The patients’ tumor genotypes were classified as RAS/BRAF wt (n = 125), RAS mt (n = 87), and BRAF mt (n = 14) (Table 1). The number of patients with HMCC in each genotype was 22 (17.6%), 30 (34.5%), and 14 (100%), respectively. As regards the RAS/BRAF wt genotype, the HMCC group had significantly higher proportions of tumors with deficient MMR and PTEN-negative than the LMCC group. Furthermore, PIK3CA mt tended to be more common in the HMCC than in the LMCC group, although the difference was not significant. In the RAS mt genotype, no significant difference in patient background was observed between the HMCC and LMCC groups. All tumors with BRAF mt were classified as HMCC. Regardless of the genotypes of RAS and BRAF, CIMP-positive significantly overlapped with HMCC and most of the former was included in the latter.

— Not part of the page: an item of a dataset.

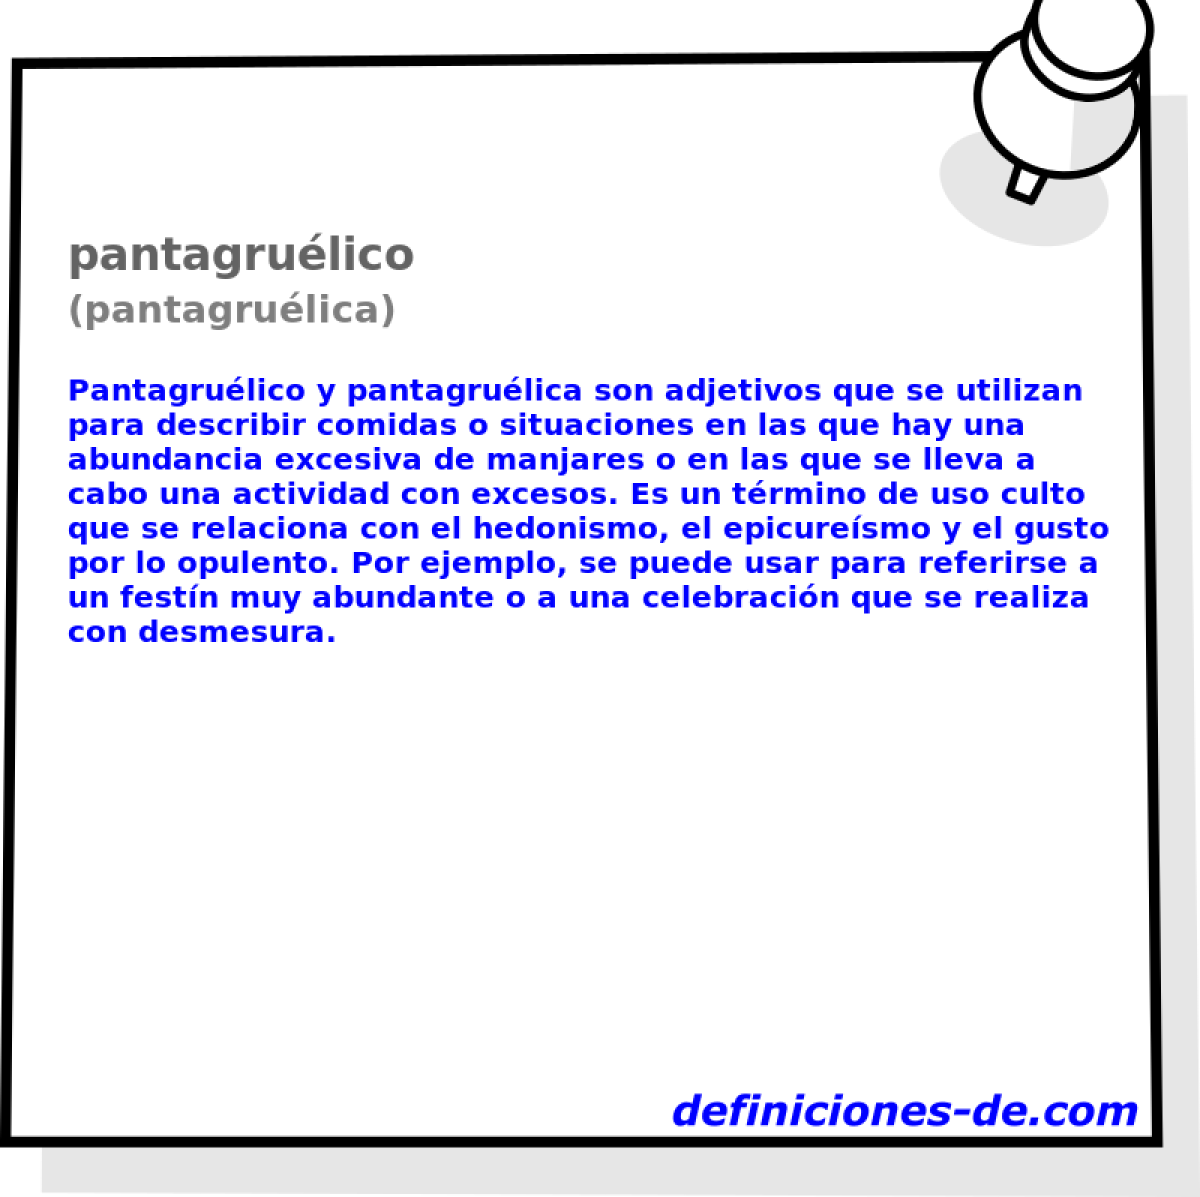 pantagrulico (pantagrulica)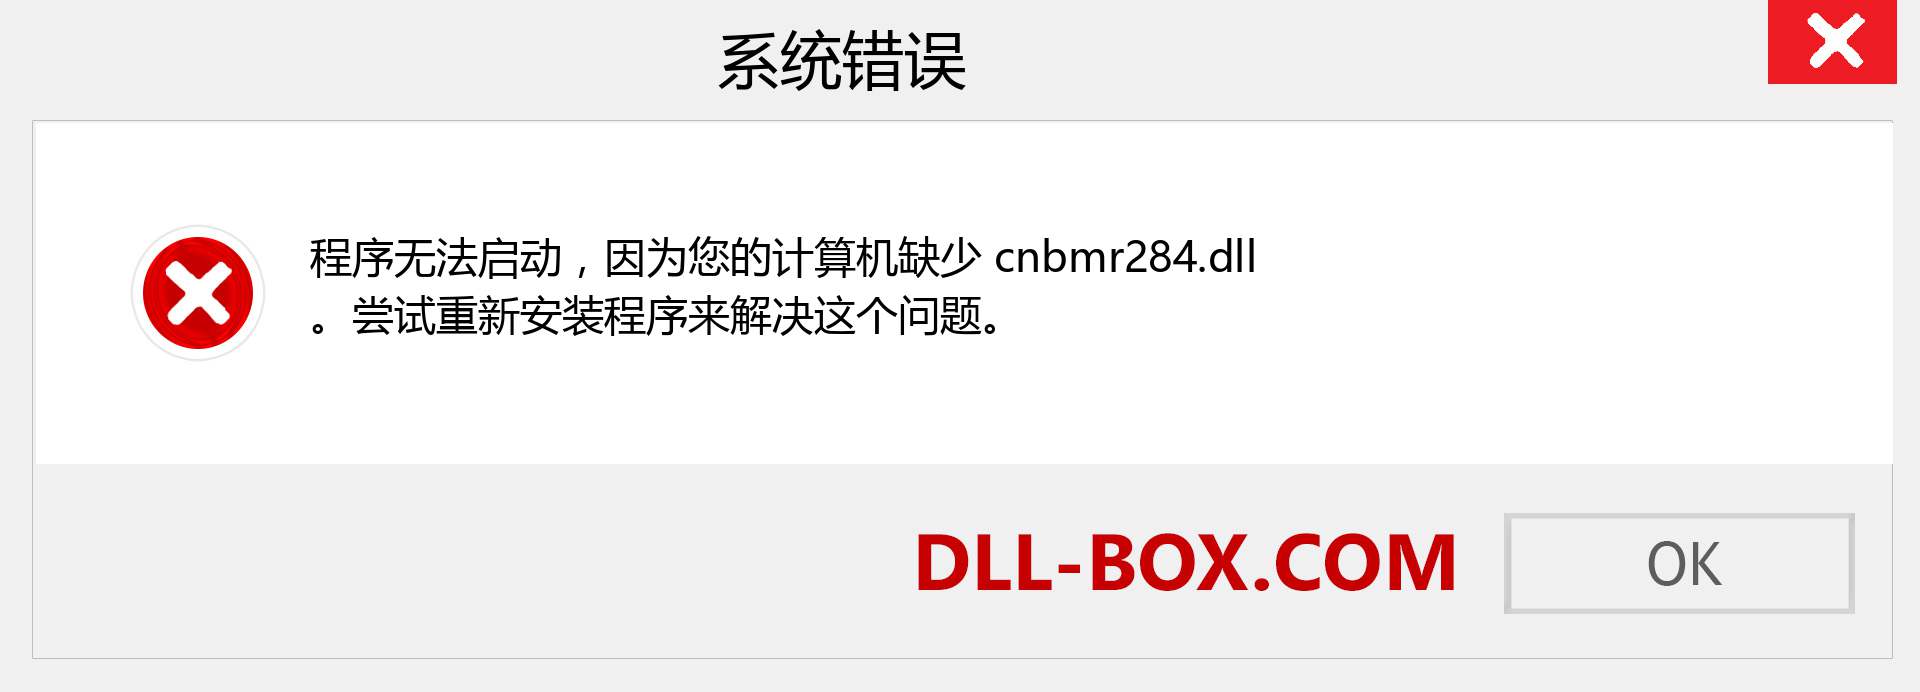 cnbmr284.dll 文件丢失？。 适用于 Windows 7、8、10 的下载 - 修复 Windows、照片、图像上的 cnbmr284 dll 丢失错误

OS of the HMCC was shorter than that of the LMCC in the RAS/BRAF wt group
First, OS was compared in each RAS/BRAF genotype and GWMS (Fig. 2). The OS of the RAS/BRAF wt group was significantly longer than that of the RAS mt group (42.1 months vs. 28.1 months; P = 0.0004) and BRAF mt group (42.1 months vs. 16.7 months; P = 0.0001) (Fig. 2a). The OS of the RAS mt group was numerically longer than that of the BRAF mt group, but it was not statistically significant (P = 0.08). As for GWMS, the OS of the HMCC group was significantly shorter than that of the LMCC group (median, 25.1 months vs. 40.1 months; P = 0.0001) (Fig. 2b).
Kaplan–Meier survival curves for OS in each RAS/BRAF genotype and GWMS. (A) OS according to the RAS/BRAF genotype; (B) OS according to the GWMS. Abbreviations: OS, overall survival; wt, wild type; GWMS, genome-wide DNA methylation status; LMCC, low-methylated colorectal cancer; HMCC, high-methylated colorectal cancer; CI, confidence interval.
Subsequently, OS was compared between the GWMS groups in each RAS/BRAF genotype (Fig. 3). The OS of the HMCC was significantly shorter than that of the LMCC in the RAS/BRAF wt group (median, 25.3 months vs. 45.0 months; P = 0.006) but not in the RAS mt group (median, 25.4 months vs. 29.0 months; P = 0.51) (Fig. 3a, b). It is noted that the OS of the RAS/BRAF wt HMCC was comparable to that of the RAS mt group (median, 25.3 months vs. 28.1 months; P = 0.90) (Fig. 3c).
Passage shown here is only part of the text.